いつもより早く家を出て、3ヵ月ぶりに、いつもの通学路を歩いて学校に向かった。

見なれた校門をくぐる。だが、くぐった先にある学校は、少し変なことになっていた。

トヨミ「あれぇ…何ここ!?」

そこには巨大なディスプレイがあったからだ。

何が何だか、分からない。休校前まであった校舎はどこへ行ったのか。
そこへ、後ろから声がかかる。きっとシオリだ。シオリは私の親友で、私を見つけると真っ先に、嬉しそうに話しかける。

「おっはよーう、“カズミ”ちゃん!」
カズミ。確かにその子は私をそう呼んだ。
けれど、その顔と声はシオリと区別がつかないほどよく似ていた。
トヨミ「あ、う、うん…。えーと、シオリちゃん…?」
反射的にそう答えてしまっていた。
サユリ「…?あたしはサユリだよ!カズミちゃんったら相変わらずの天然ぶりだねぇ。
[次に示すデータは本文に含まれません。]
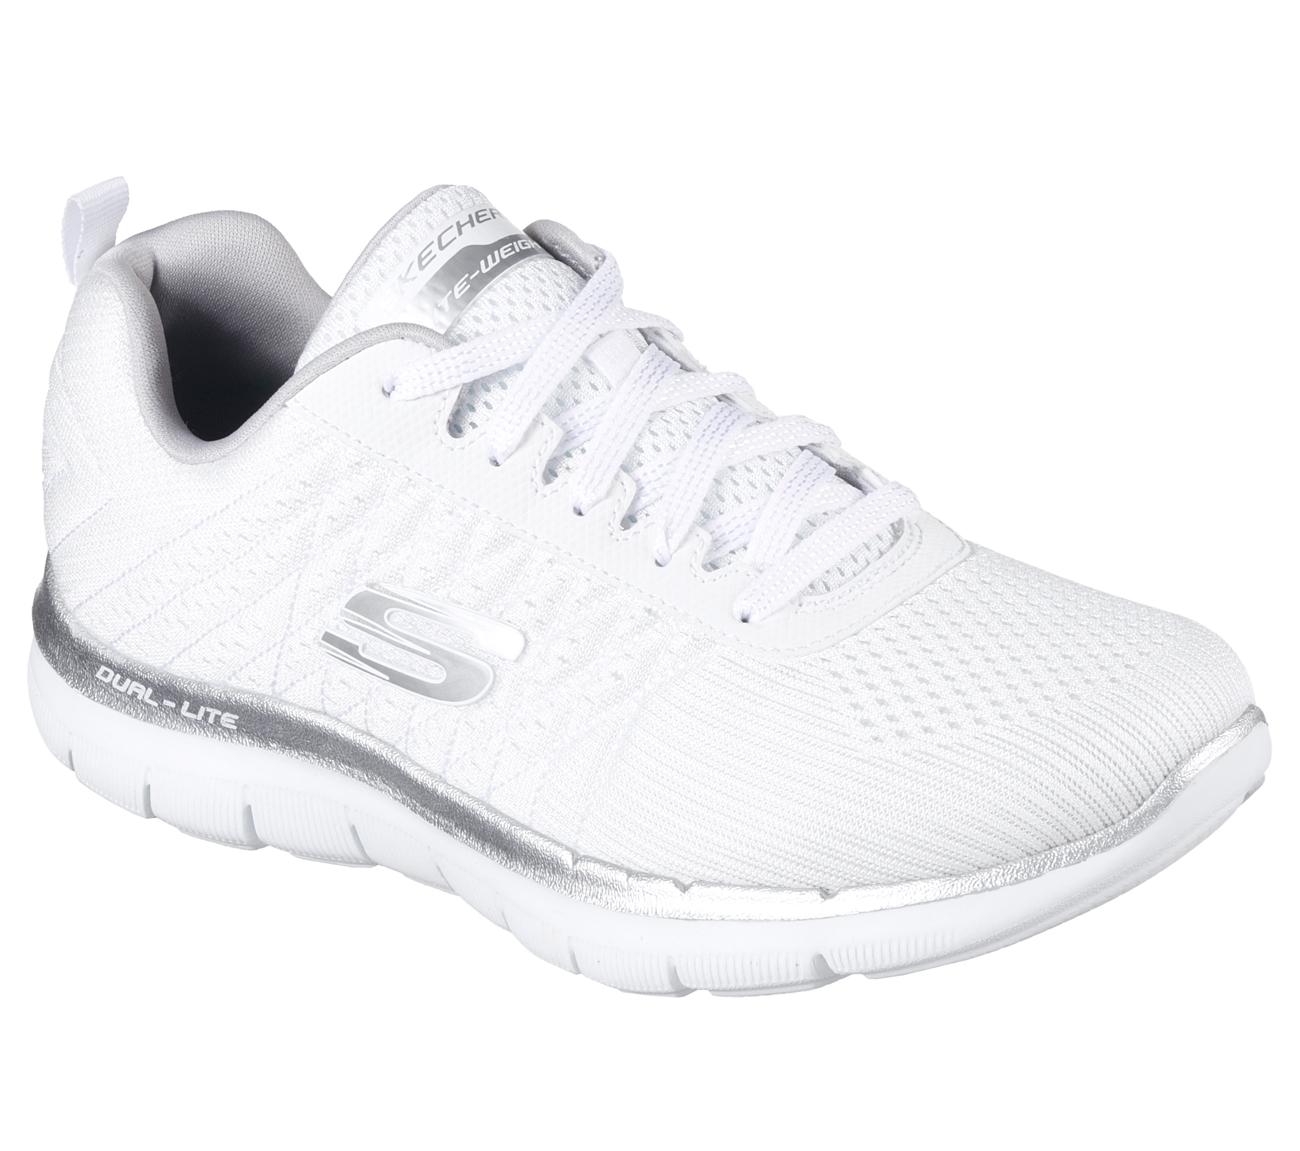 Zapatillas Skechers Mujer Blancas
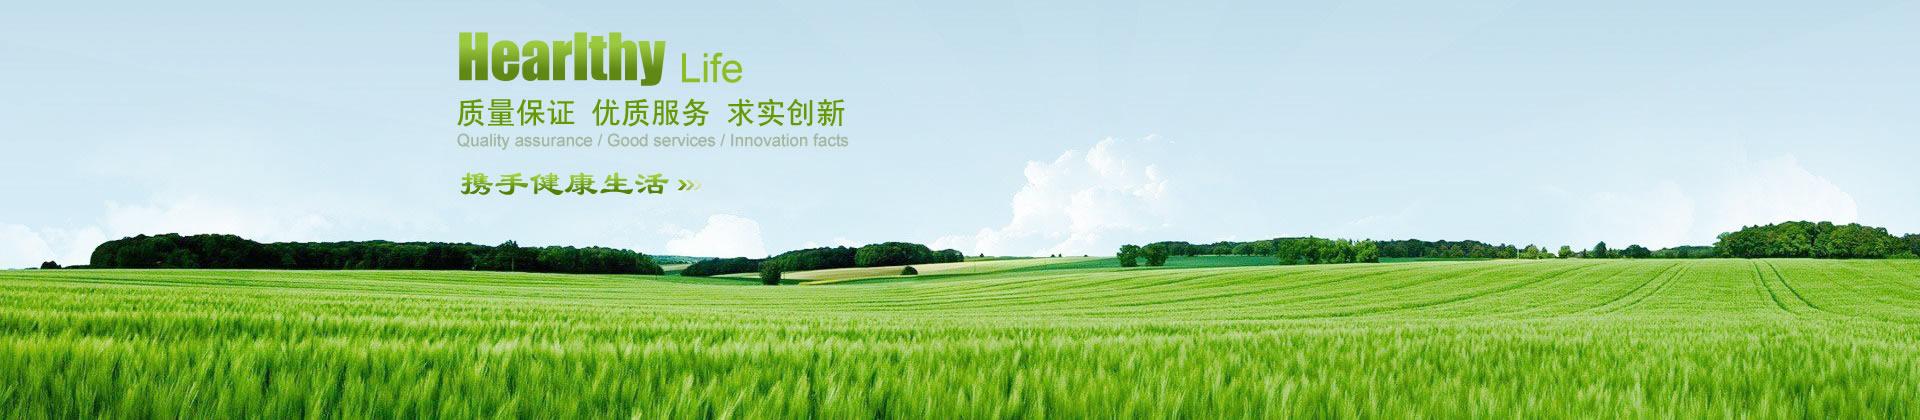 质量保证 优质服务 求实创新

早く早く、授業はっじまっるよ~!」
トヨミ「えっ、ちょっと、待ってよ!私は、秋山第三小学校は…」

幼なじみで私と同い年のシオリにそっくりだけど、今目の前にいる子はサユリと言うらしい…に、ぐいぐい手を引っ張られて、学校の中へ入った。一瞬だけ顔を上げて学校の名前を確認すると、確かに「秋山第三小学校」と書かれていた。

朝8時40分。登校の時間。1つの教室には15人の子どもたちがいる。私より年上の子も年下の子もいる。どうやらその14人全員が、私が“カズミ”ではなく“トヨミ”であることに、気づいてないらしい。
おまけに、そのカズミは天然キャラで通っているらしく、自分が「別人」のトヨミだと言ってもなかなか信じてもらえない。
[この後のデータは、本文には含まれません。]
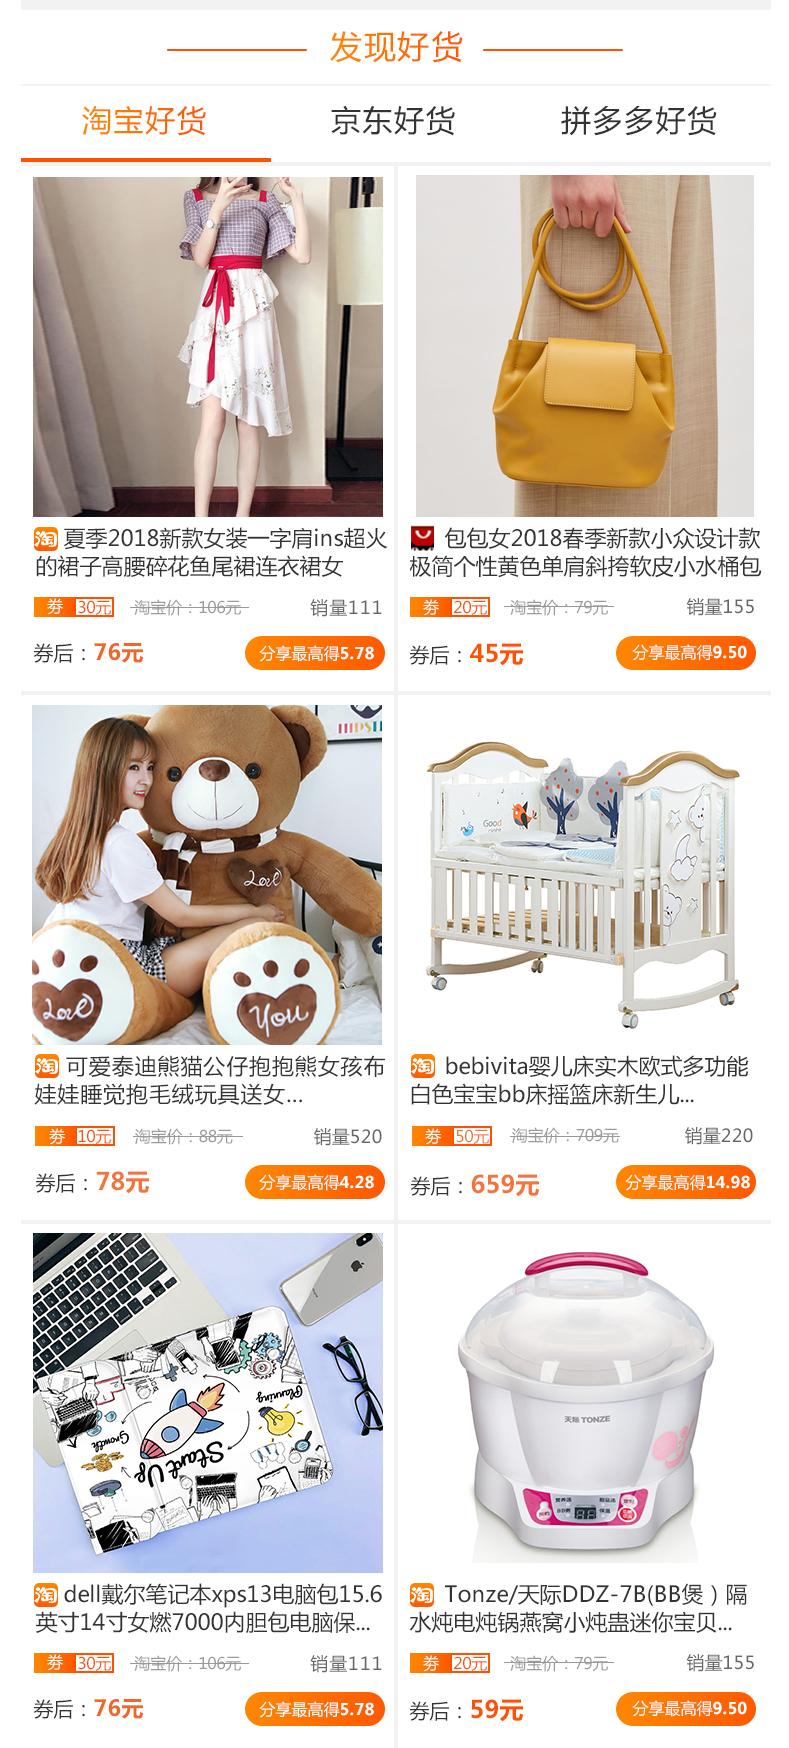 京淘尚品是一款购物不剁手,躺着赚大钱的购物神器!

そこで、私は小説で読んだことのある「記憶そうしつ」のふりをして、この学校のことについて聞くことにした。

トヨミ「ねえ、サユリちゃん…だっけ。教室にいる子どもがすっごく少ないけど、他の子たちはどうしたの?みんなお休みなの?」
サユリ「いつもこんな感じだよ。全員いるよ」
トヨミ「私より年上の、中学生くらいの子もいるし、年下の2年生くらいの子もいるよ?」
サユリ「そんなの誰も気にしないよ。それに、入学の時に校長先生がおっしゃってたんだ。『年の数と成績は関係ない。成長していくスピードは一人ひとり違う』って。だから、誰もそのことでいじめたり、からかったりしないよ」

そう話しているうちに、担任の先生が入ってきた。

先生「今日は午前授業の日なのでお昼で終わります。何か質問はないですか?」

サユリ「先生、カズミちゃんが“記憶そうしつ”になって、この学校のこと全部忘れたみたいなんです」
先生「そうですか…。カズミさん、どこか痛むところはありませんか?」
トヨミ「はい。特に体が痛いところは…無いです」
先生「何かあればすぐ保健室に行きましょうね。勝手に行っても、保健室の先生がすぐに私に連絡するので、誰も怒りませんから」
先生はふふ、と笑って話を続ける。

先生「さて、記憶を無くしたということは、この学校に入学してきたことと同じですね。秋山第三小学校では、朝の連絡会が10分ほどあって、その後すぐに授業が始まります。
朝8時50分から10時20分、10時50分から12時20分までが午前の授業。今日は午前中で終わりますが、13時20分から14時50分までが午後の授業です。
この学校には時間割が無いので、その間何をするかは、子どもたちが自分で決めます。一人ひとり好きなことを学べます」

最後に今日も頑張りましょうと言って、先生は教室を後にした。

建物ばかりか中身も全然ちがう。名前は確かに「秋山第三小学校」だったけど、本当にそうなのかな。

さっそく午前の授業が始まる。

トヨミ「(えーっと、何しよう?)」
ふと、トヨミは周りを見回す。

トヨミの学校では、クラスの全員が同じことを同じようにやっていた。
だが、ここでは本当に皆やってることが十人十色。ある者はロボットを相手にプログラミングをやりにコンピューター室へ行き、ある者は家庭科室へプロの料理を教わりに行った。教室には数えるほどしか人が残っていなかった。
隣にいるサユリは、黙々と宇宙のことを調べている。
さんざん考えて、教室に置いてあった3Dプリンターから、新しいスマホケースを作ることにした。説明書を見ながらパソコンで設計し、スイッチを押す。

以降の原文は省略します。